Your task | Copy the full listing exactly.

=== Records provided ===

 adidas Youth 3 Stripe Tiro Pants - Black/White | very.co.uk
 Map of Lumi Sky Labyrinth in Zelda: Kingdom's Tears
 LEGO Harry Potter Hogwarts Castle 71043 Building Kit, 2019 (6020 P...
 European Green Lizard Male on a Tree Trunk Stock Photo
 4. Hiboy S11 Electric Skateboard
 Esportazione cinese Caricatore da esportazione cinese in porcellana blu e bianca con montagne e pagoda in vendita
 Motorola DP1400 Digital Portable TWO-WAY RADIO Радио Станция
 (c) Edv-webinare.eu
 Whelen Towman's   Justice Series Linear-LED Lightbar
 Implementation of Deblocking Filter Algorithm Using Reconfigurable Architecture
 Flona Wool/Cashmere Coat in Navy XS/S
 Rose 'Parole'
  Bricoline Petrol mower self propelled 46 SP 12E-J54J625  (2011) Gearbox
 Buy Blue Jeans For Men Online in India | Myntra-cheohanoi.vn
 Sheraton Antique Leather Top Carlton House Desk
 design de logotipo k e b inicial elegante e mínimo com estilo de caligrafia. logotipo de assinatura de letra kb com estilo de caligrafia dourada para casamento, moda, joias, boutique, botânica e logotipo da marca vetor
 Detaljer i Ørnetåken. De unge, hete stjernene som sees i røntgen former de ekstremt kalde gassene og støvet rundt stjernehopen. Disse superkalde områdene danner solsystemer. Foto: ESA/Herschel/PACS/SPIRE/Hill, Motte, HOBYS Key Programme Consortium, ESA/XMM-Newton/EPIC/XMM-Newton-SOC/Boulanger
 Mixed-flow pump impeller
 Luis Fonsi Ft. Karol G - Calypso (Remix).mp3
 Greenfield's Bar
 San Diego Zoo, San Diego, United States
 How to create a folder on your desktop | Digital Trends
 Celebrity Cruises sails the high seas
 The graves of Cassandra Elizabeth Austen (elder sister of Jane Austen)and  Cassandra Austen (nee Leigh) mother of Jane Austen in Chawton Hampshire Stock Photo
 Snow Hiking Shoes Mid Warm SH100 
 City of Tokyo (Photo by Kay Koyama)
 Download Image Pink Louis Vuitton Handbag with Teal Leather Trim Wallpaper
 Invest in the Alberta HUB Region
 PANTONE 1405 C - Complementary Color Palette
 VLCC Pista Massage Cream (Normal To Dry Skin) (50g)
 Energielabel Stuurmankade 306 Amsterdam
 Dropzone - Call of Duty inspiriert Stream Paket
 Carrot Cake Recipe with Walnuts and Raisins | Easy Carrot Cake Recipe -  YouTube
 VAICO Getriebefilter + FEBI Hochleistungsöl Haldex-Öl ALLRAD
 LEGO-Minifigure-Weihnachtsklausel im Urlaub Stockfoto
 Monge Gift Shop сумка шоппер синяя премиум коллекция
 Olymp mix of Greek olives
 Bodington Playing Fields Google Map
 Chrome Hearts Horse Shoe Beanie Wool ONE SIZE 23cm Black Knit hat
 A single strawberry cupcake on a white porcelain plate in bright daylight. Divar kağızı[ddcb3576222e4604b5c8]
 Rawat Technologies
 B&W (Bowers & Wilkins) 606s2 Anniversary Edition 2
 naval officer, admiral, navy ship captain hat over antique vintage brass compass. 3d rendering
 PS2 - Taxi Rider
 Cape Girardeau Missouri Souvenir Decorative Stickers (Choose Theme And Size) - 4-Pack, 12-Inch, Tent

===

Written solution |
 adidas Youth 3 Stripe Tiro Pants - Black/White | very.co.uk
 Map of Lumi Sky Labyrinth in Zelda: Kingdom's Tears
 LEGO Harry Potter Hogwarts Castle 71043 Building Kit, 2019 (6020 P...
 European Green Lizard Male on a Tree Trunk Stock Photo
 4. Hiboy S11 Electric Skateboard
 Esportazione cinese Caricatore da esportazione cinese in porcellana blu e bianca con montagne e pagoda in vendita
 Motorola DP1400 Digital Portable TWO-WAY RADIO Радио Станция
 (c) Edv-webinare.eu
 Whelen Towman's   Justice Series Linear-LED Lightbar
 Implementation of Deblocking Filter Algorithm Using Reconfigurable Architecture
 Flona Wool/Cashmere Coat in Navy XS/S
 Rose 'Parole'
  Bricoline Petrol mower self propelled 46 SP 12E-J54J625  (2011) Gearbox
 Buy Blue Jeans For Men Online in India | Myntra-cheohanoi.vn
 Sheraton Antique Leather Top Carlton House Desk
 design de logotipo k e b inicial elegante e mínimo com estilo de caligrafia. logotipo de assinatura de letra kb com estilo de caligrafia dourada para casamento, moda, joias, boutique, botânica e logotipo da marca vetor
 Detaljer i Ørnetåken. De unge, hete stjernene som sees i røntgen former de ekstremt kalde gassene og støvet rundt stjernehopen. Disse superkalde områdene danner solsystemer. Foto: ESA/Herschel/PACS/SPIRE/Hill, Motte, HOBYS Key Programme Consortium, ESA/XMM-Newton/EPIC/XMM-Newton-SOC/Boulanger
 Mixed-flow pump impeller
 Luis Fonsi Ft. Karol G - Calypso (Remix).mp3
 Greenfield's Bar
 San Diego Zoo, San Diego, United States
 How to create a folder on your desktop | Digital Trends
 Celebrity Cruises sails the high seas
 The graves of Cassandra Elizabeth Austen (elder sister of Jane Austen)and  Cassandra Austen (nee Leigh) mother of Jane Austen in Chawton Hampshire Stock Photo
 Snow Hiking Shoes Mid Warm SH100 
 City of Tokyo (Photo by Kay Koyama)
 Download Image Pink Louis Vuitton Handbag with Teal Leather Trim Wallpaper
 Invest in the Alberta HUB Region
 PANTONE 1405 C - Complementary Color Palette
 VLCC Pista Massage Cream (Normal To Dry Skin) (50g)
 Energielabel Stuurmankade 306 Amsterdam
 Dropzone - Call of Duty inspiriert Stream Paket
 Carrot Cake Recipe with Walnuts and Raisins | Easy Carrot Cake Recipe -  YouTube
 VAICO Getriebefilter + FEBI Hochleistungsöl Haldex-Öl ALLRAD
 LEGO-Minifigure-Weihnachtsklausel im Urlaub Stockfoto
 Monge Gift Shop сумка шоппер синяя премиум коллекция
 Olymp mix of Greek olives
 Bodington Playing Fields Google Map
 Chrome Hearts Horse Shoe Beanie Wool ONE SIZE 23cm Black Knit hat
 A single strawberry cupcake on a white porcelain plate in bright daylight. Divar kağızı[ddcb3576222e4604b5c8]
 Rawat Technologies
 B&W (Bowers & Wilkins) 606s2 Anniversary Edition 2
 naval officer, admiral, navy ship captain hat over antique vintage brass compass. 3d rendering
 PS2 - Taxi Rider
 Cape Girardeau Missouri Souvenir Decorative Stickers (Choose Theme And Size) - 4-Pack, 12-Inch, Tent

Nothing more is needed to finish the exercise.